◆ WHAT THE EXERCISE ASKS ◆
Return only that part of the material below which starts with the line containing "Truck transport companies" and goes on through the line containing "Teleport-X, Hobin Rude", restated exactly.

◆ SUPPLIED RECORDS ◆
▬▬▬▬▬▬

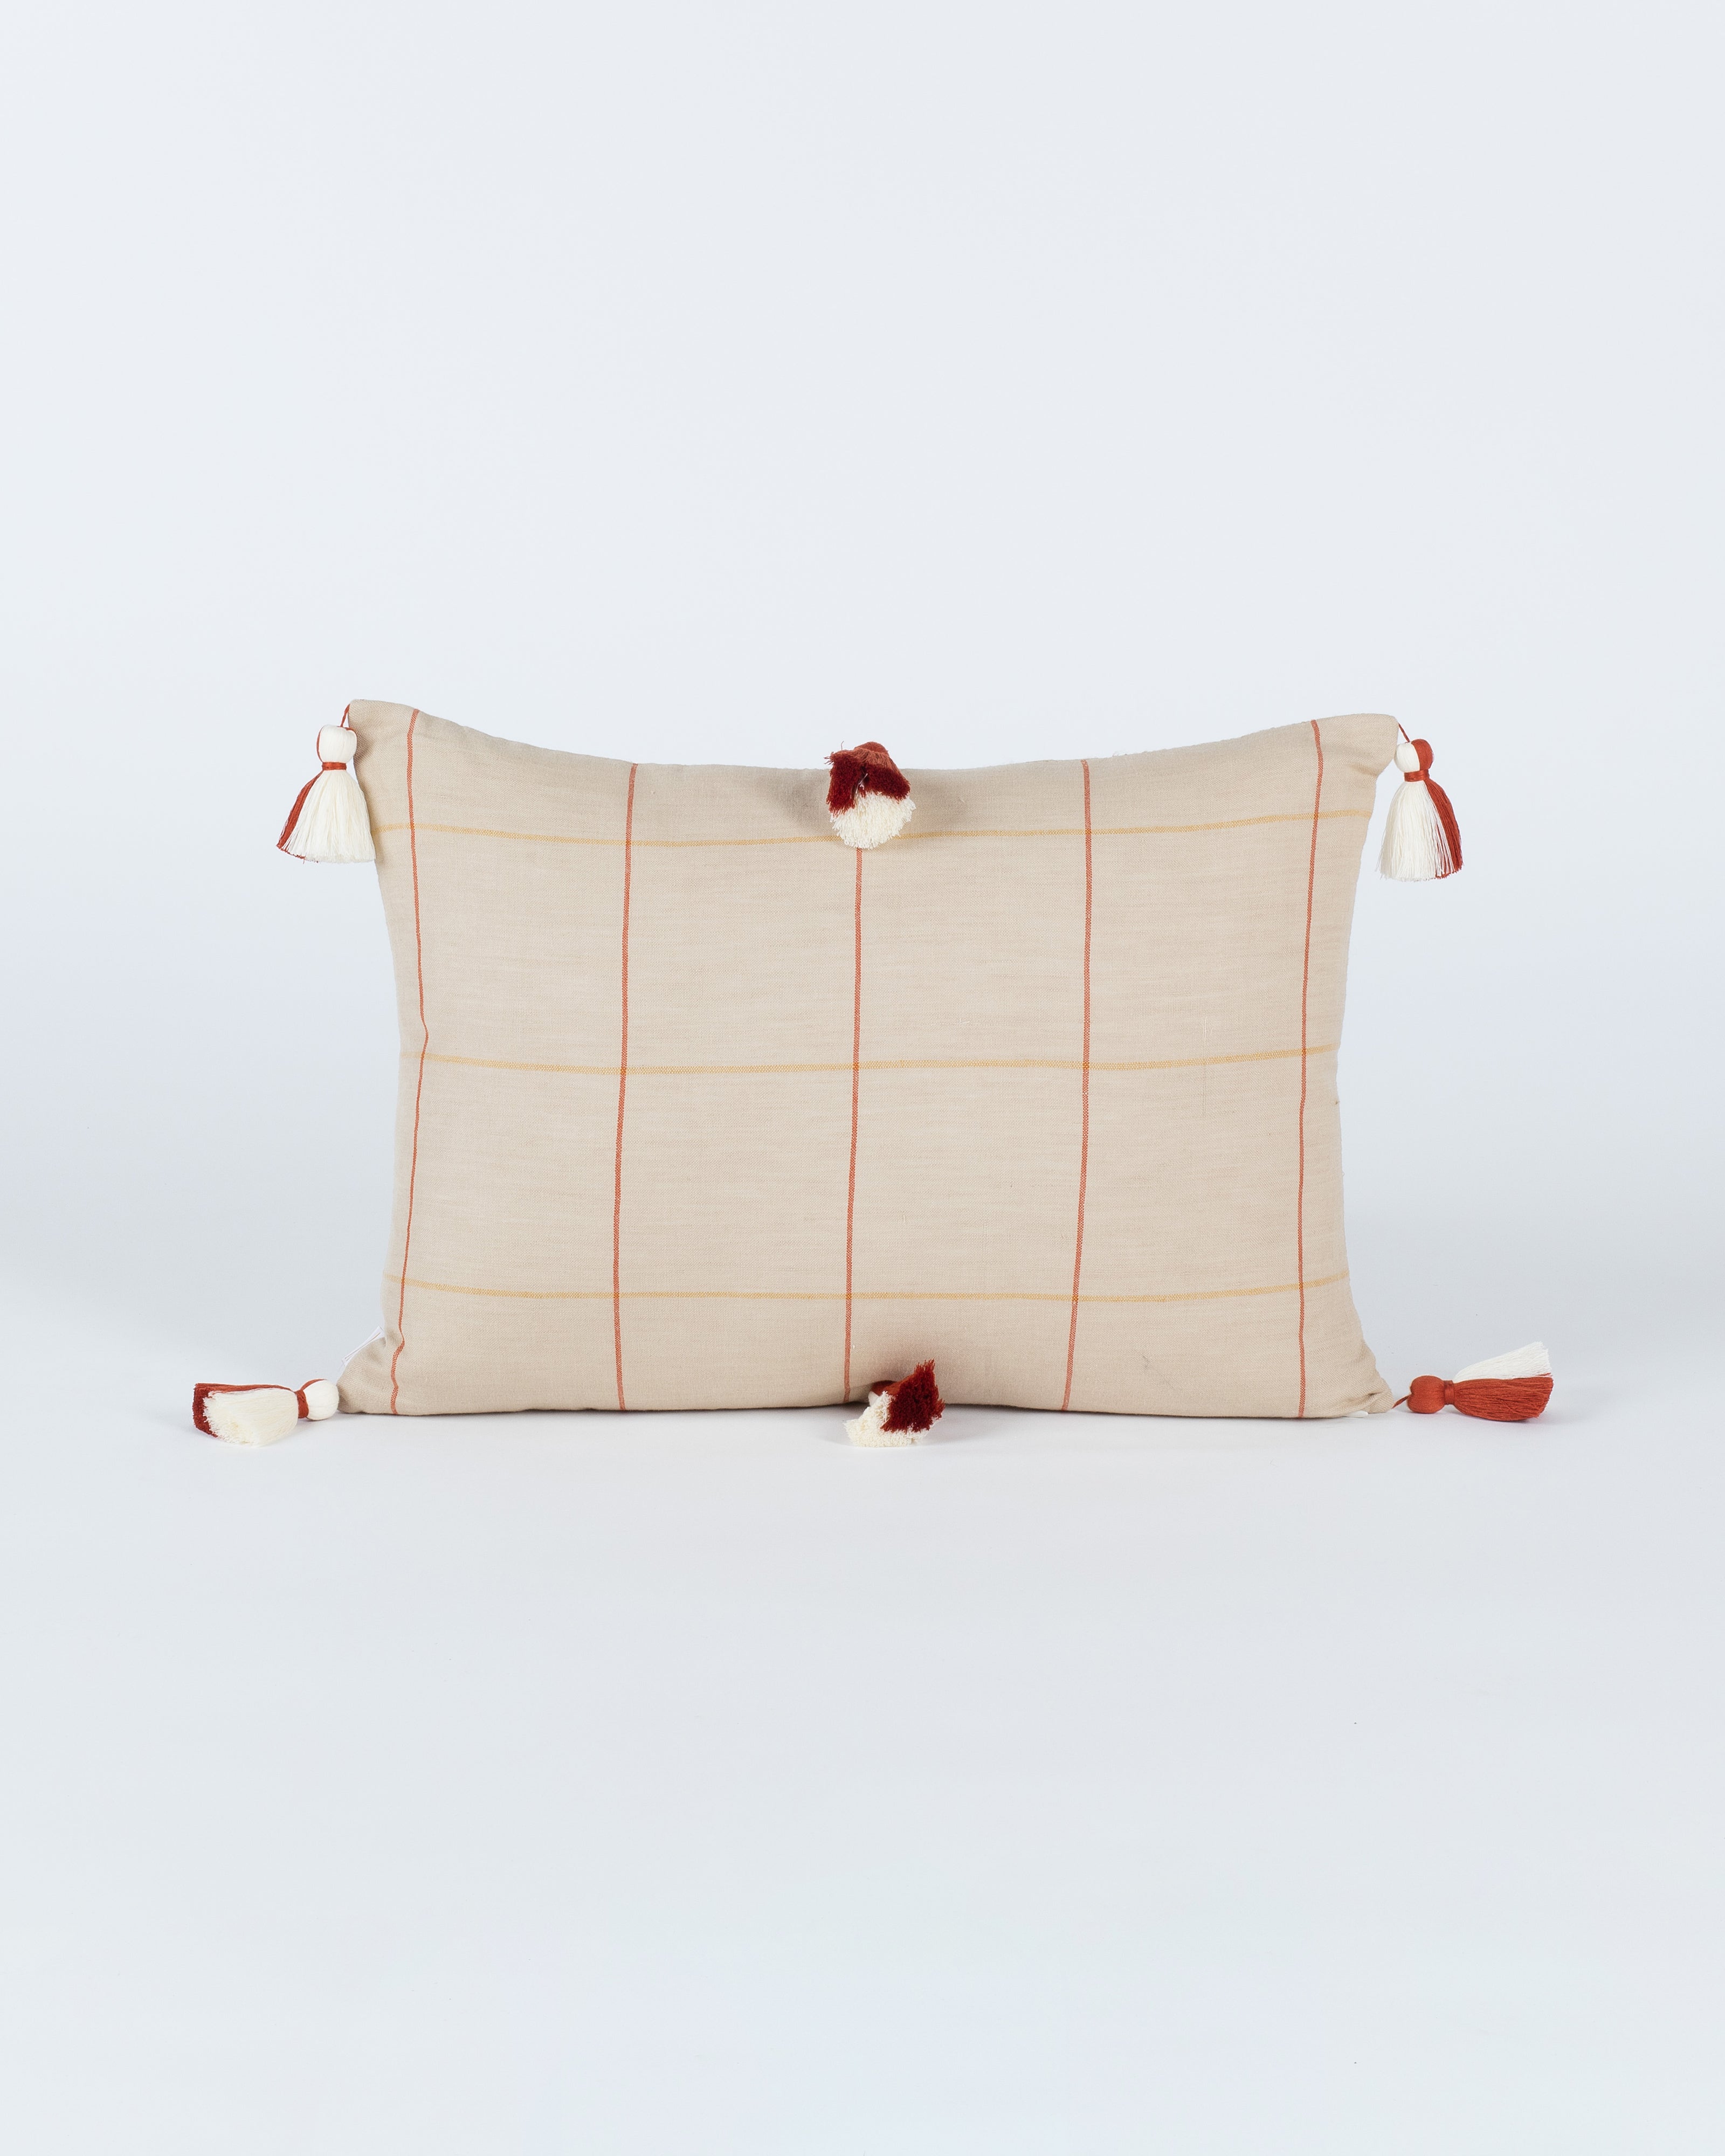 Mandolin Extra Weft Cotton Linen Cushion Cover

▬▬▬▬▬▬

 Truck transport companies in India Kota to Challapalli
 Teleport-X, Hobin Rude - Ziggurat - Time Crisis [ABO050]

▬▬▬▬▬▬

◆ TASK RESPONSE ◆
 Truck transport companies in India Kota to Challapalli
 Teleport-X, Hobin Rude - Ziggurat - Time Crisis [ABO050]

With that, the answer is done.